Archive for the ‘Maeuntang’ Category

Noryangjin Market, a Seafood Wonderland

March 9, 2009

img_1777

Despite the ubiquity of Korean barbecue and the passion U.S. beef incites in South Korea, we’re really a seafood-eating people.  The country, after all, is surrounded on three sides by water.  Seafood, in one form or another, is in a huge number of Korean dishes, including many that have no visible sign of fish, clam or anchovy.

img_1796

Noryangjin Fish Market in Seoul is one of the best places to see that Korean reliance on seafood manifest.  It’s not spic-and-span like the fish market of La Boqueria in Barcelona. The floor is concrete, everyone is wearing rubber boots, and blinding bulbs dangle over rows and rows of fish and anything else that is edible from the sea.  There are giant barrels of salted fermented shrimp, an essential ingredient in many types of kimchi.  If that’s not your thing, there’s plenty of hot-pink skate fish laid out like grotesque jewels, tanks stuffed too full with flukes in an obviously low mood, and sea squirts that look like Nerf toys.  Everyone’s calling out to you to buy his fish.  Almost everything is still alive.

And if you want to see what Koreans value in their seafood, you can find out right there.  You can pick out your fish/hairy crab/what-have-you and take it to one of the many restaurants that line the market.

img_1803

If you’re buying a fish, like a 광어, gwangoe, (halibut) or a 민어, minuh, (Japanese sea bass), the assumption will be that, of course, you want to eat it raw.  The Japanese call it sashimi, we call it 회, “hoe” (pronounced “heh”).  The same is true if you buy sea cucumbers and sea squirts, which we did.  Be prepared, the preferred method of execution at Noryangjin seems to be to take a hammer to the fish’s head.  The fishmonger will then filet and slice it, carefully putting the bones in a plastic bag for you as well.

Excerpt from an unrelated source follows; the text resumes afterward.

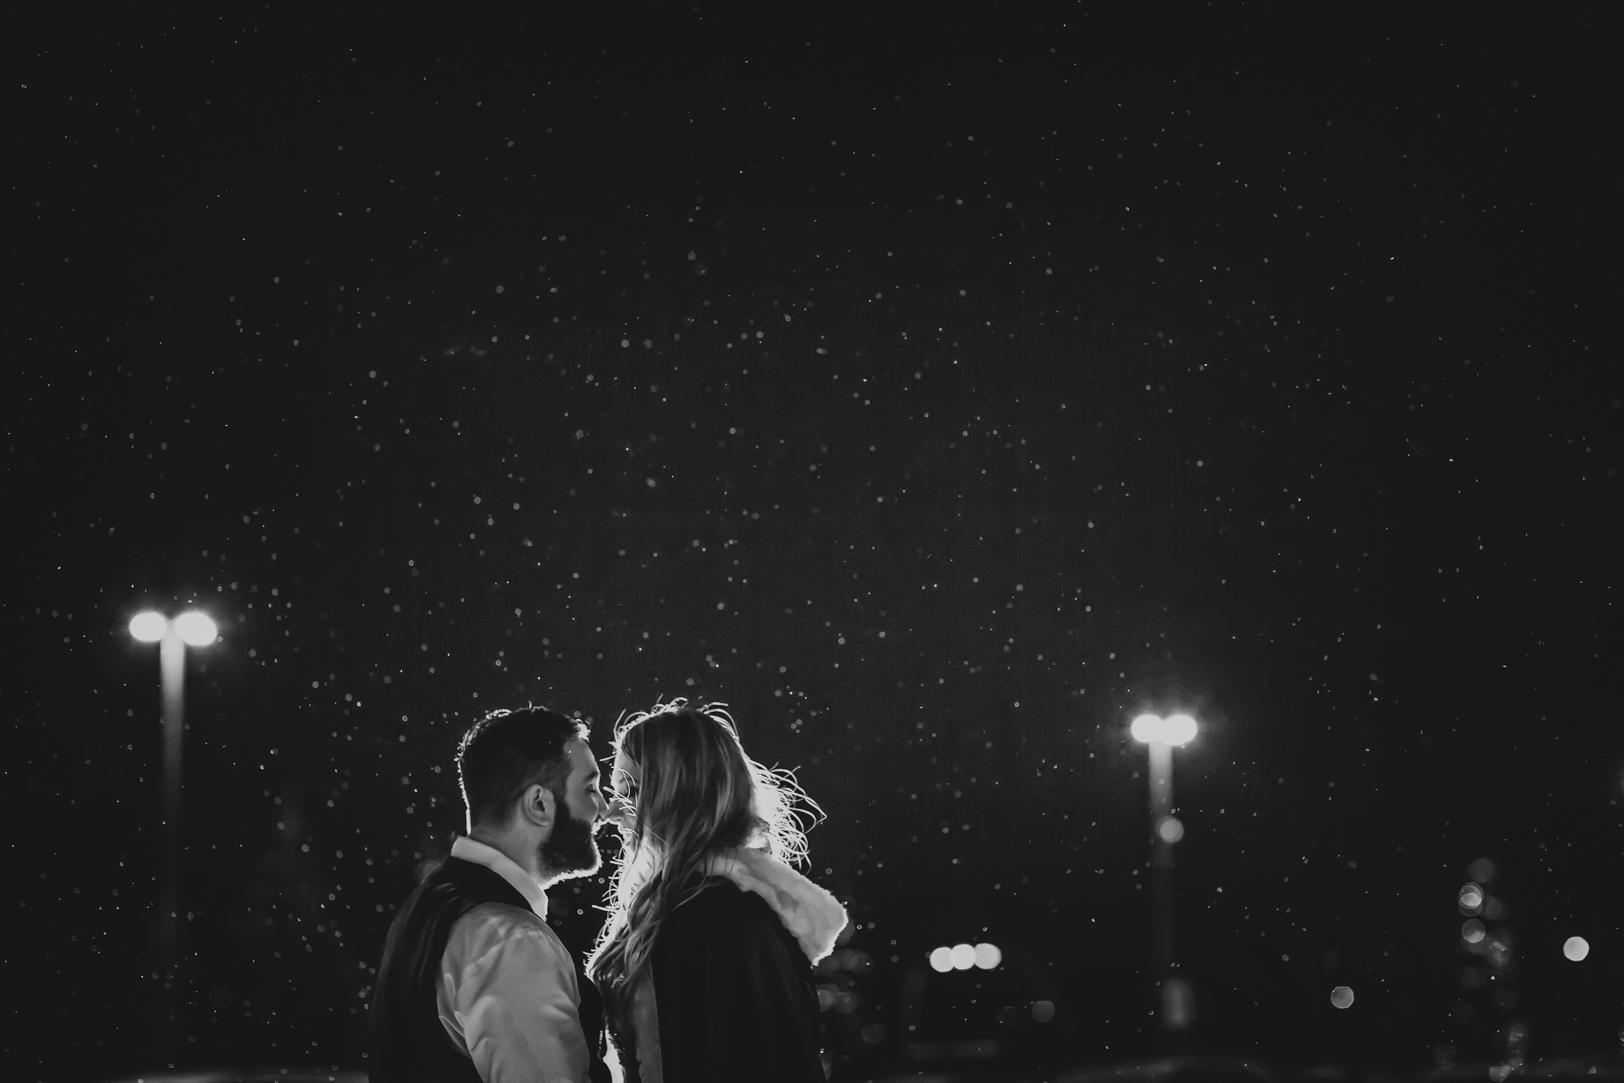 winter wedding photos edmonton - New Years Eve Wedding Edmonton

You take the platter of raw fish, along with your bones, to one of the restaurants. (We went to “Seoul Shikdang,” or “Seoul Restaurant,” though I have a feeling they’re all more or less the same).  The restaurant will whisk the bones into the kitchen and bring out all the condiments Koreans consider essential to raw fish: fresh lettuce, perilla leaves, red pepper sauce, soybean paste, and slices of raw green pepper and garlic.

img_1815

While you dip and wrap  and eat your fish, the kitchen gets to work on making 매운탕, maeuntang, a spicy fish stew.  In most restaurants, any maeuntang you order will have big chunks of fish, which could be cod or red snapper or almost any firm white fish, but it’s essentially a dish of economy, a soup made of fish bones.  That’s precisely what happens at Noryangjin, since you’ve eaten most of the flesh raw.  (Sounds vicious, doesn’t it?)  Maeuntang is also often filled with tofu and vegetables, like bean sprouts, Korean parsley or chrysanthemum greens, which have an incredibly strong and delicious flavor.  The best maeuntang has a sweet, as well as a red peppery flavor, the kind of sweetness that comes only from well-made fish stock.

You can see there’s a theme.  Koreans don’t generally leave their fish alone.  Diane and I were eating with my friend Angela and husband Jooshin, who is a Korean-American sushi chef, and he crystallized for me something I’d been sensing for awhile: “For Koreans, raw fish is all about texture.”

img_1807

The Japanese place a premium on letting the natural flavor of raw fish shine through, to stay clean and rather pure.  In contrast, there is very little purity going on when you slather a piece of fish with red pepper sauce and wrap it in lettuce with a bit of raw garlic.  It explains why Koreans generally prefer chewy fish like halibut and sea bass over a soft slab of tuna, and why the totally disarming seawater flavor of raw sea squirt doesn’t keep them from enjoying that weird, wild slippery sensation.  There are times when Koreans will eat seafood unadorned—freshly steamed crabs, for example, and simply grilled Spanish mackerel.  But for every steamed, naked crab I’ve eaten in my life, I’ve probably eaten five raw crabs marinated in soy sauce, which is kind of like a Korean ceviche.

Noryangjin Fish Market won’t give you the most ethereal seafood experience of your life.  But I love it for what it does supremely well, showing the almost irreverent, expansive, affectionate attitude Koreans have towards the seafood that is so central to their lives.